東京オリンピックの注目競技「バレーボール」の見どころは?

球技のなかでもバレーボールはかつて日本のお家芸と呼ばれた競技です。東洋の魔女と呼ばれた女子チームは1964年の東京五輪に出場し、金メダルを獲得しました。回転レシーブや欧州遠征の22連勝などは今や伝説となっています。男子バレーも栄光の時代がありました。ミュンヘンへの道で有名な1972年のミュンヘン五輪です。準決勝のブルガリア戦でセットカウント0対2から奇跡の大逆転勝利を飾り、決勝でも勝利したことで金メダルを獲得しました。このあともバレーボール日本代表はメダル獲得が当たり前の強豪チームの一つでしたが、体格の大きい欧州勢や、キューバやブラジルが躍進したことで、徐々に成績は下降していきます。

それでも、バレーボールには国民的な人気があります。ワールドカップや世界大会などで開催地に選ばれることが多く、ゴールデンタイムにテレビ中継されて日本人の注目度も高いです。21世紀になってからもスター選手は次々と誕生しています。そして、2012年のロンドン五輪では全日本女子がひさしぶりのメダルを獲得しました。2020年の東京五輪もメダルを目指して挑戦を続けています。

現在、女子バレーボールチームを率いているのは、世界のセッターと呼ばれた中田久美です。注目選手には石井優希や古賀紗理那などが挙げられます。
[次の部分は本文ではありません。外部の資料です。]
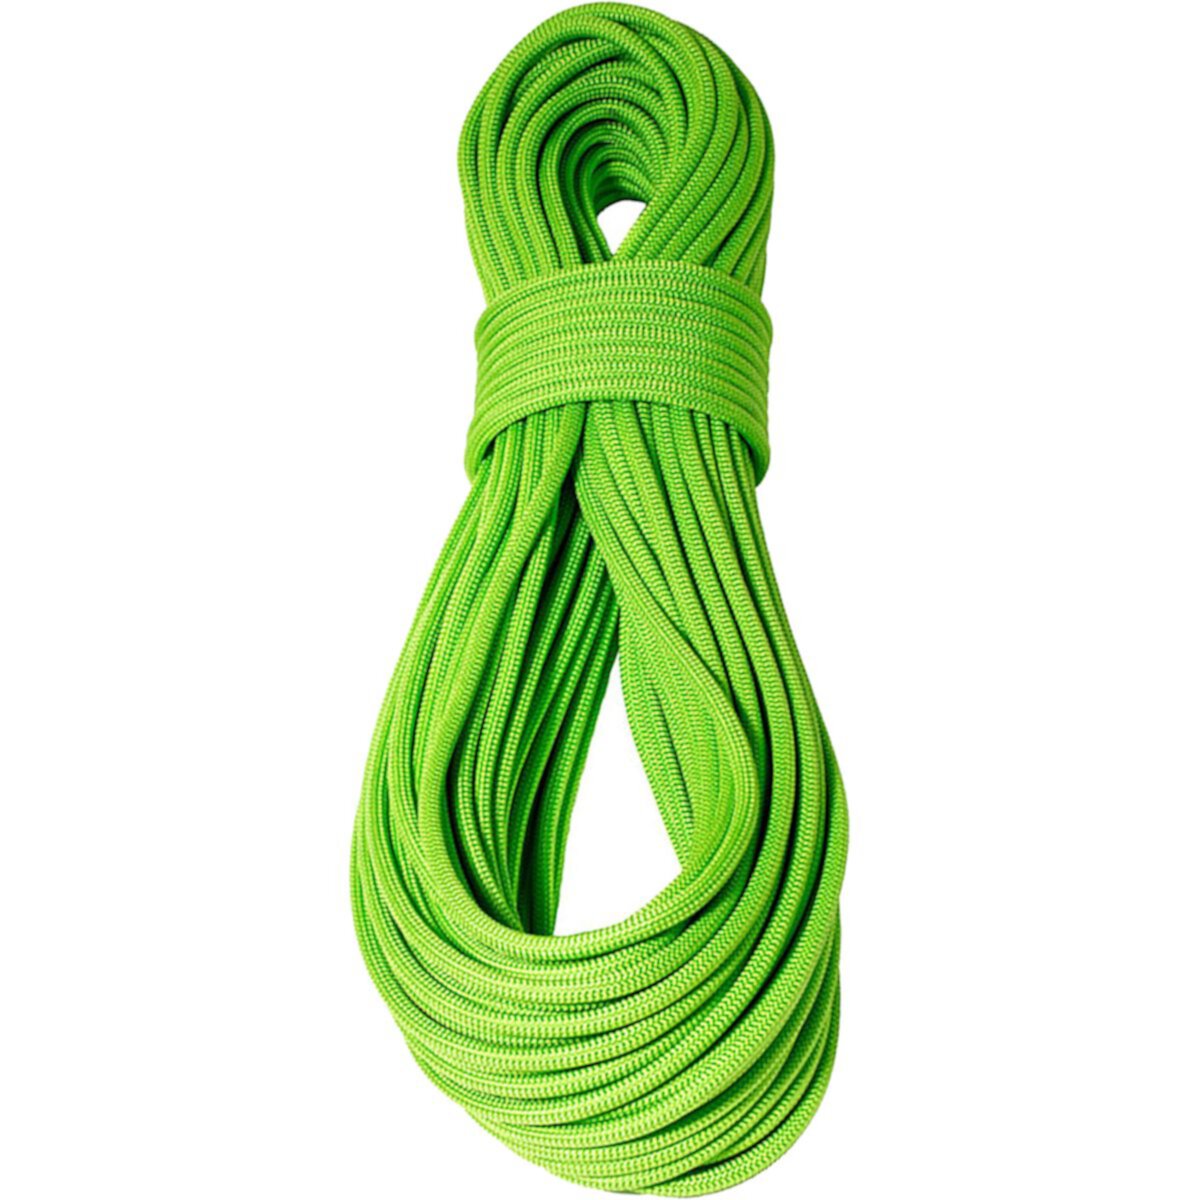 Tendon Ropes Lowe Standard Climbing Rope - 9.7mm Tendon Ropes

両者ともにポスト木村沙織と呼ばれるエース候補で、石井は破壊力のあるスパイクがあります。古賀はスパイクに加えてレシーブやブロック、サーブなど様々なプレーを高い次元で行えるオールラウンダーです。ベテラン選手には荒木絵里香がいます。2005年から代表入りしているベテランで、強力なスパイクが持ち味です。186cmの長身を生かしたブロックの名手でもあります。

男子バレーボールの注目選手には石川祐希がいます。イタリアのリーグに留学中の選手で、若いながらも日本のエースです。柳田将洋は甘いマスクで女性人気が高い選手ですが、その顔からは想像できない強打を持っています。2015年には最優秀新人賞を獲得しました。山内晶大は身長が204cmと大柄な選手で、その身長を生かしたダイナミックなプレーが持ち味です。高橋健太郎はこちらも200cmを超える大型の新人です。ちなみに、この4選手は早くから期待されていてNEXT4と呼ばれます。そんな男子バレーボールを率いているのはアタッカーとして名を馳せた中垣内祐一監督です。

女子バレーボールは前回の五輪で5位だったため、開催地のアドバンテージから東京五輪はメダルも狙える位置です。男子バレーボールは2008年以来の出場となります。バレーボールは日本人の人気が高いため大いに盛り上がるでしょう。